In Japan Dylan was applauded for his selection and arrangement of the songs in his current set list, with one reviewer for the Japan Times in Tokyo "This [Dylan] is an artist still forever pushing the envelope, with one rendition of a song only rarely the same as any other". In Osaka Dylan's vocal approach and quality were praised and a review called his vocal ability "solid".

When Dylan visited the island of Hawaii straight after a run of concerts in Japan he was praised for "honey coated" vocals and the ability of his backing band. It was also noted how Dylan can make a concert feel "essential" for a fan whilst not particularly engaging with the audience.

Dylan's return to Europe started with two shows in Ireland. At his Dublin concert it was noticed that Dylan still has the ability to attract a crowd of all ages. One reviewer, Aine Byrne, was slightly taken aback by some "unrecognisable" arrangements, the poor sound at the venue and the lack of interaction between Dylan and his audience. However, she stated "[Dylan] may be old and beat up, but the man has some punch in him yet". She also noted that the venue was full and praised the quality of the backing band. "A good concert, not the best, but to see and hear a living legend playing on form was a very pleasant experience indeed". The Irish Mirror also called the concert a "rich theatrical experience". In Bucharest the choice of instruments that the band chose to use to back Dylan were applauded. The show was called "Sometimes tender, sometimes playful and sometimes formidable – but always with venerable composure and poetic dignity". In Vienna it was noted that Dylan is obviously comfortable with the material he is now playing and the order in which songs played was helped the sound and of the concert to create an "authentic theatre experience". In Poland it was noted that Dylan's secondary 'festival' set list featured minimal materiel from the last few albums, the inclusion of a large amount of recent material became standard feature in set lists of recent years. In Kristiansand, the inclusion of "Girl from the North Country" was met with a highly positive response, while the concert itself was deemed average, with on-and-off vocal performances. This kind of report on his vocals lacking the smoothness of earlier in the year continued to the end of the tour.

The opening concert of the Oceania tour in New Zealand was met with the same very favourable reaction that met his tour in Japan.

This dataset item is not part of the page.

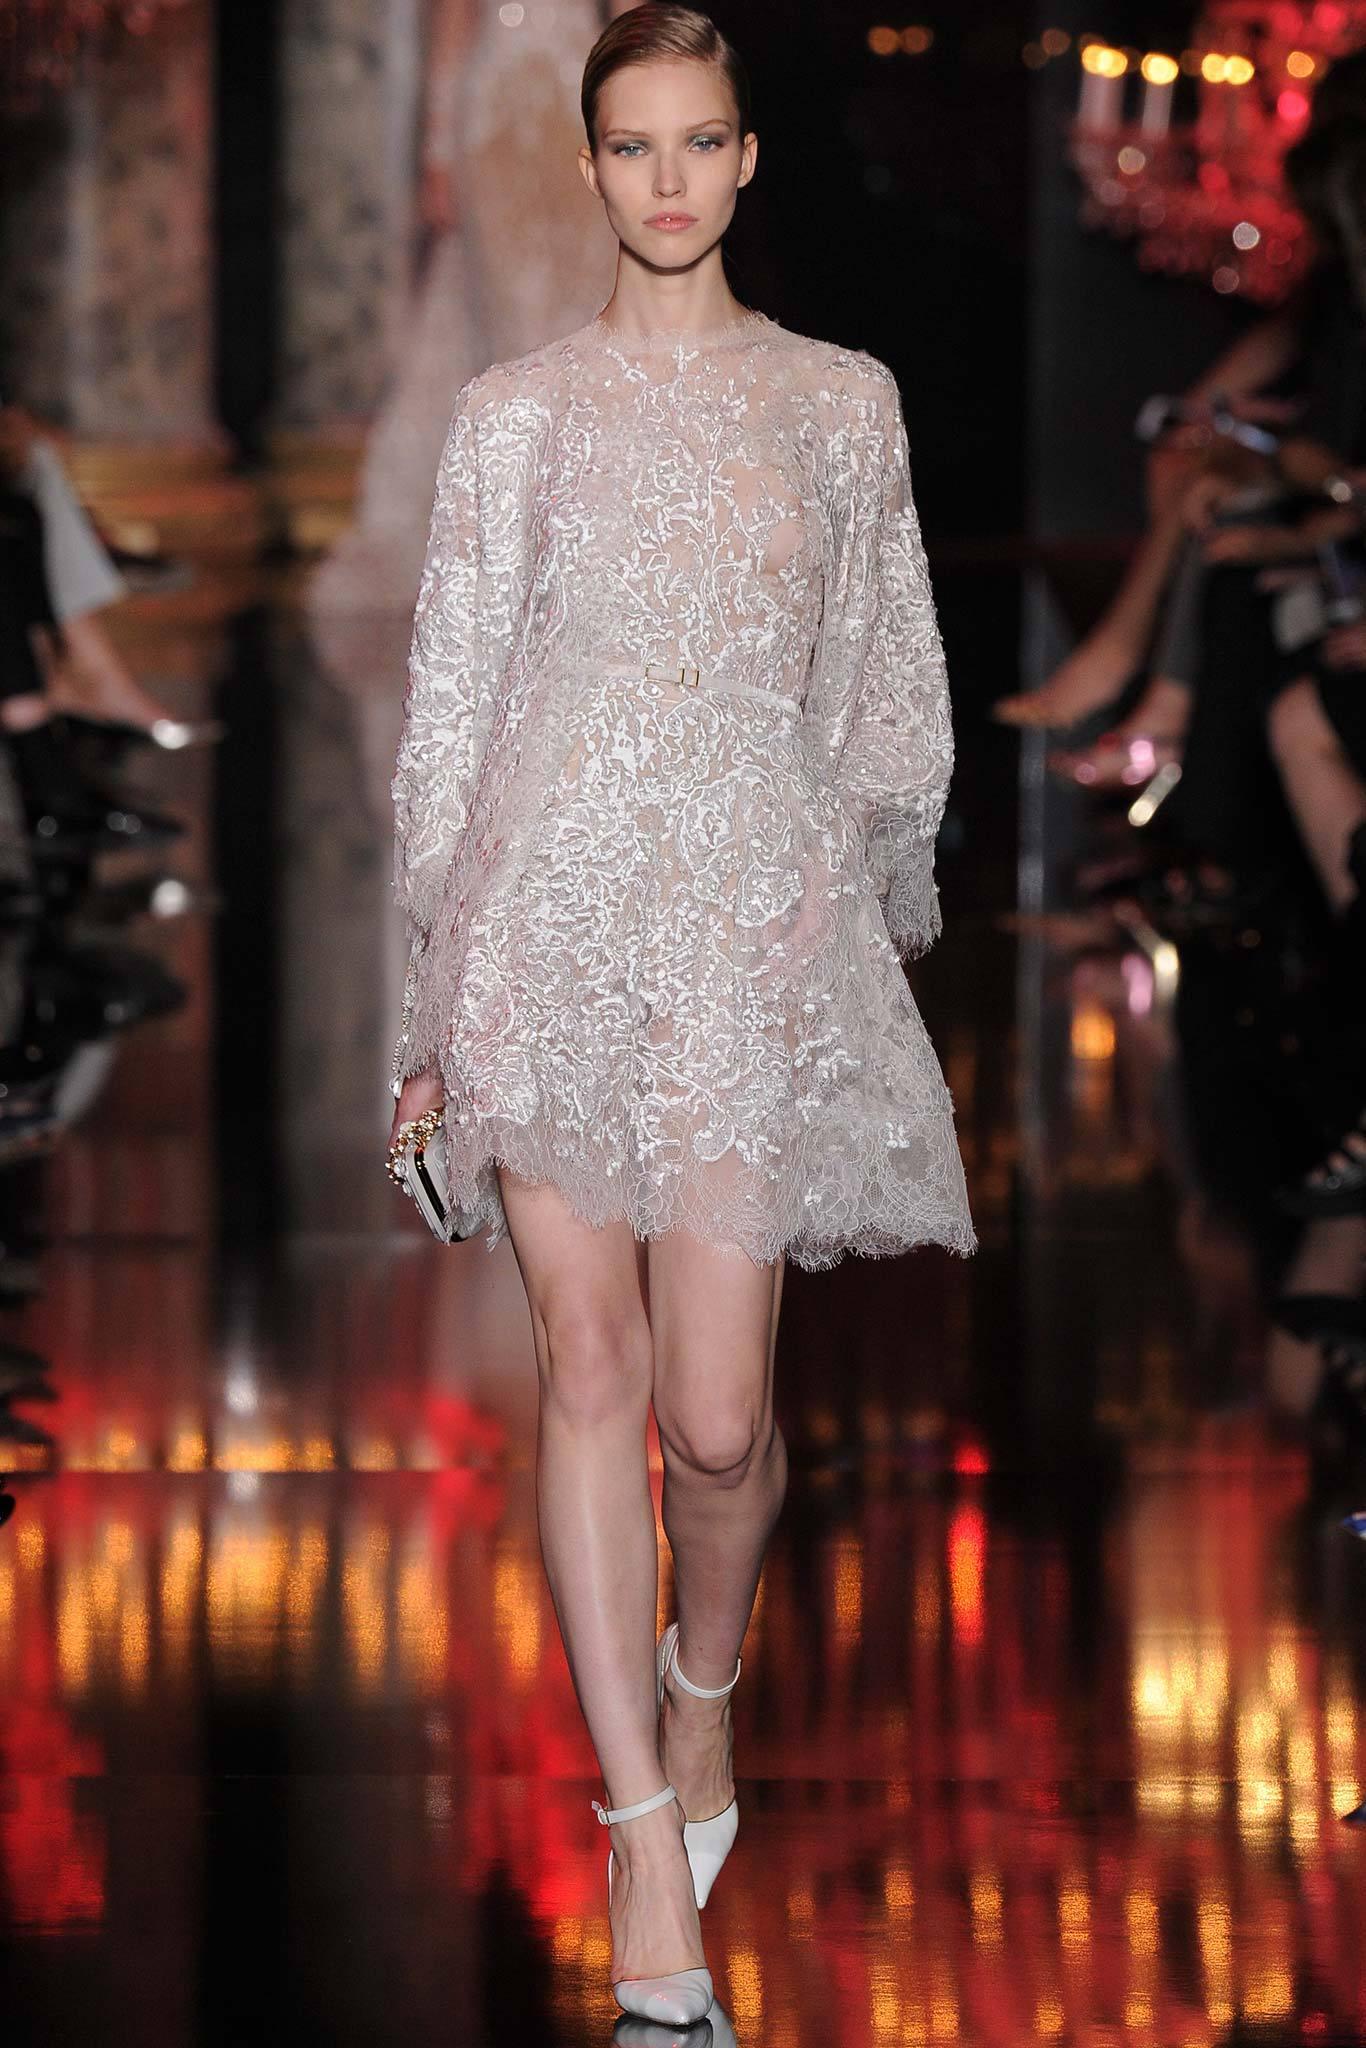 Elie-Saab-Couture-Fall2014-14.JPG

A reviewer from the Waikato Times noted the theatrical edge and stated that "Finally, Dylan and the band closed, leaving in their wake an awestruck audience, a standing ovation and the incomparable feeling of having witnessed a musical great – perhaps not in his prime, but by no means past it". The second concert in Hamilton was met with the same kind of response. It was noted that a collection of microphones and dim lighting obscured the view of Dylan. A review of Dylan's first concert in Australia at Perth's Riverside theatre by the Sydney Morning Herald noted that Dylan showed the Perth audience that he is "still on top of his game". The review made light that "He sang truly. This was as good as perfection, and there were diamonds, and little rust". In Melbourne the show was praised for its intimate feel "It was a night to remember, though maybe not for the exact reasons we had expected. Rather, the aim seemed to be keeping everything as cosy as possible, inviting us to have a glimpse at Dylan's out-of-time universe for a couple of hours. Nothing more, and nothing less". Dylan's main Brisbane show was also met with a positive response. The review also noted the dim lighting "He no longer plays guitar but occasionally piano, and under dim lighting – no doubt to discourage fans from sneaking a video souvenir". Dylan performed a second, more intimate show in Brisbane and The Brisbane Times stated "Dylan was magnificent, backed by a band that switched between musical genres with effortless skill". The positive reviews continued for Dylan's for the Canberra concert; "Looking dapper at 73, Dylan did not disappoint". The Reviews of Sydney's series of concerts were also looked upon favourably, with the Brisbane Times stating "From evangelical to dirty roots, the veteran artist is in superb form". The Oceania tour ended with a third concert in New Zealand. It was noted that although the set list of recent songs would disappoint the fans expecting early material however the review was favourable and noted "but we should be pleased that the creative Dylan has made it back to play his 21st show in New Zealand".